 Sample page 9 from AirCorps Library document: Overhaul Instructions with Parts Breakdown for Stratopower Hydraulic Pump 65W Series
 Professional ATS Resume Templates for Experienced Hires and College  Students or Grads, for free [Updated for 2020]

+ + + + +

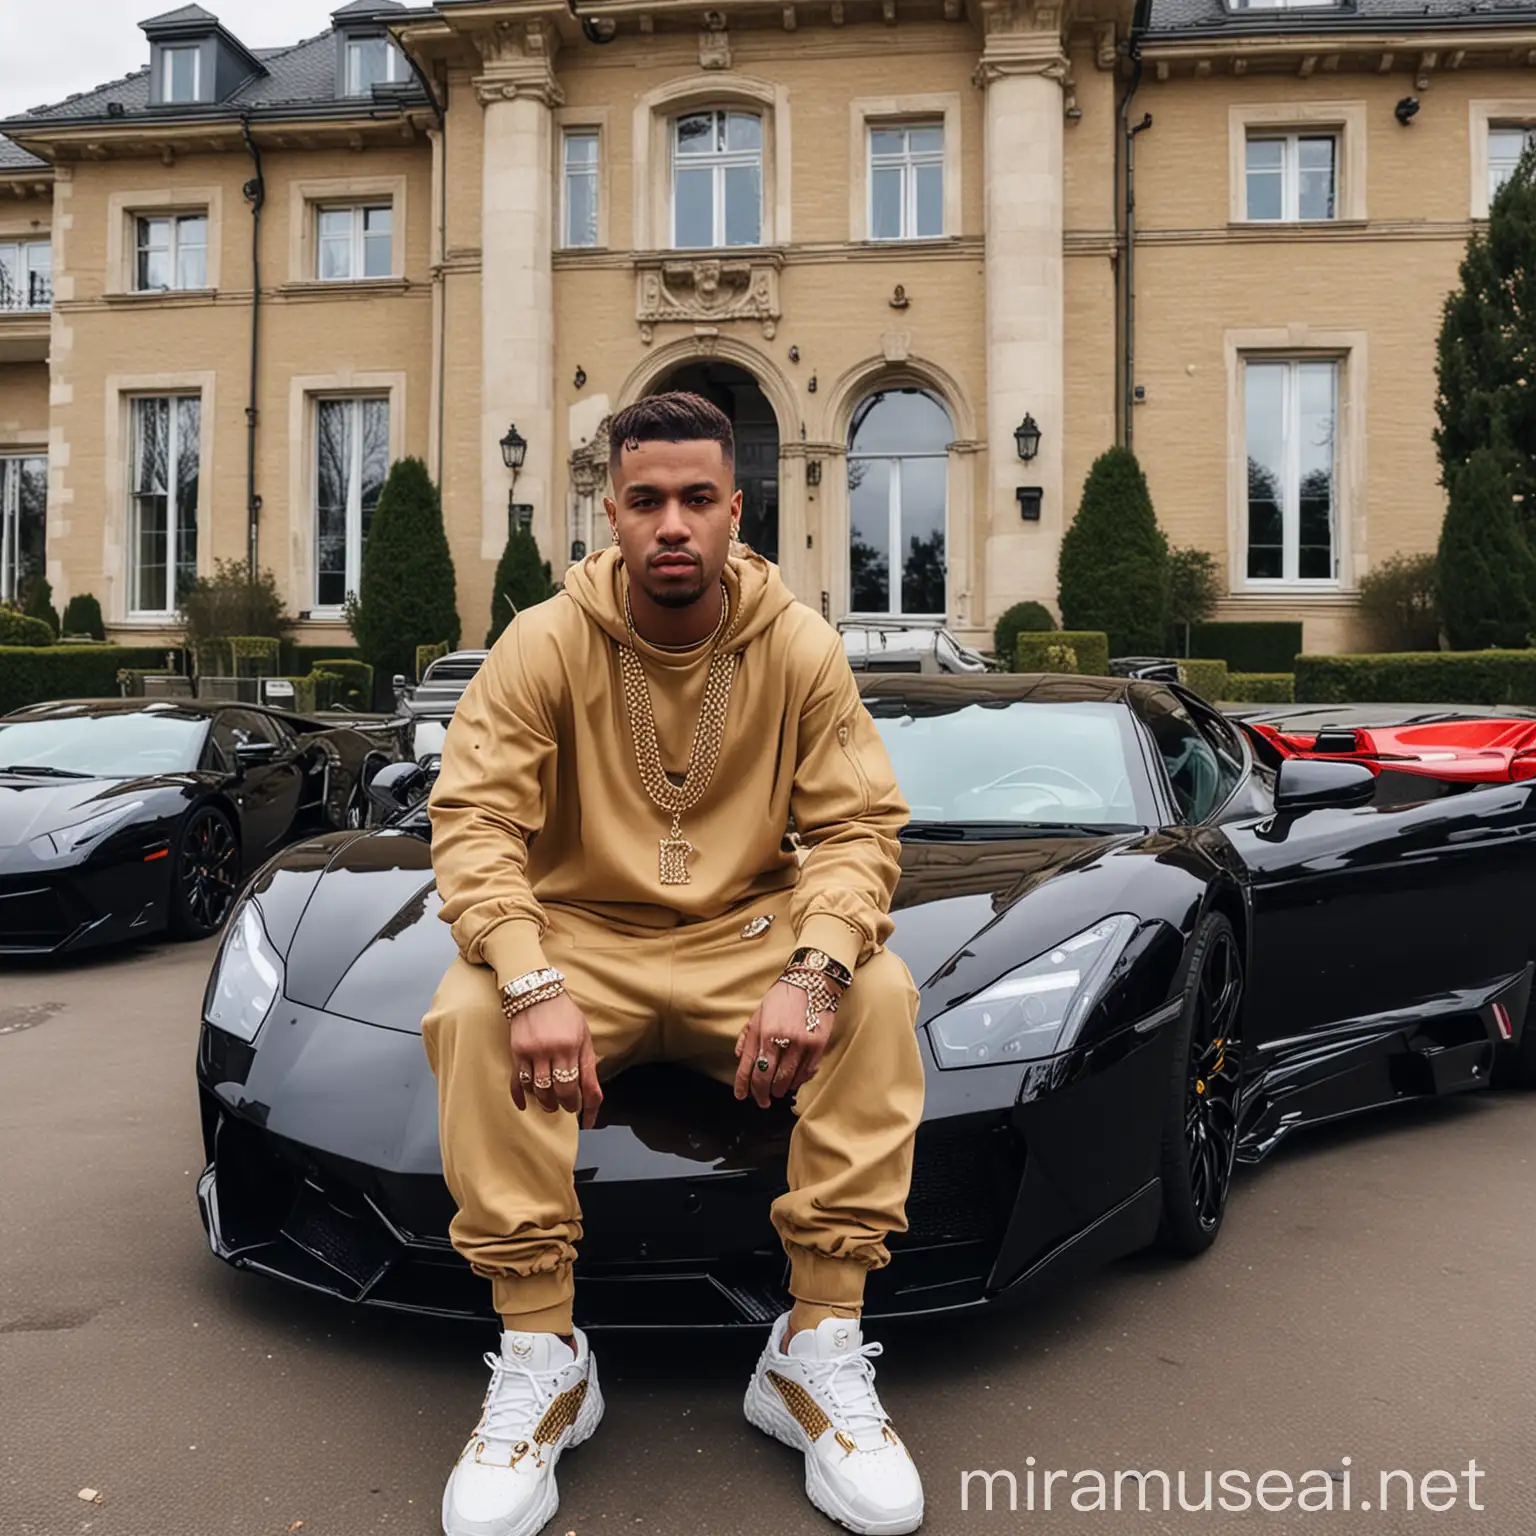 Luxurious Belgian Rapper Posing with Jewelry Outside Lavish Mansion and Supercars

+ + + + +

Within the data above, the span starting at the line containing "Sample page 9" and ending at the line containing "Professional ATS Resume" is to be retyped exactly, with no other lines.

ANSWER SPACE
 Sample page 9 from AirCorps Library document: Overhaul Instructions with Parts Breakdown for Stratopower Hydraulic Pump 65W Series
 Professional ATS Resume Templates for Experienced Hires and College  Students or Grads, for free [Updated for 2020]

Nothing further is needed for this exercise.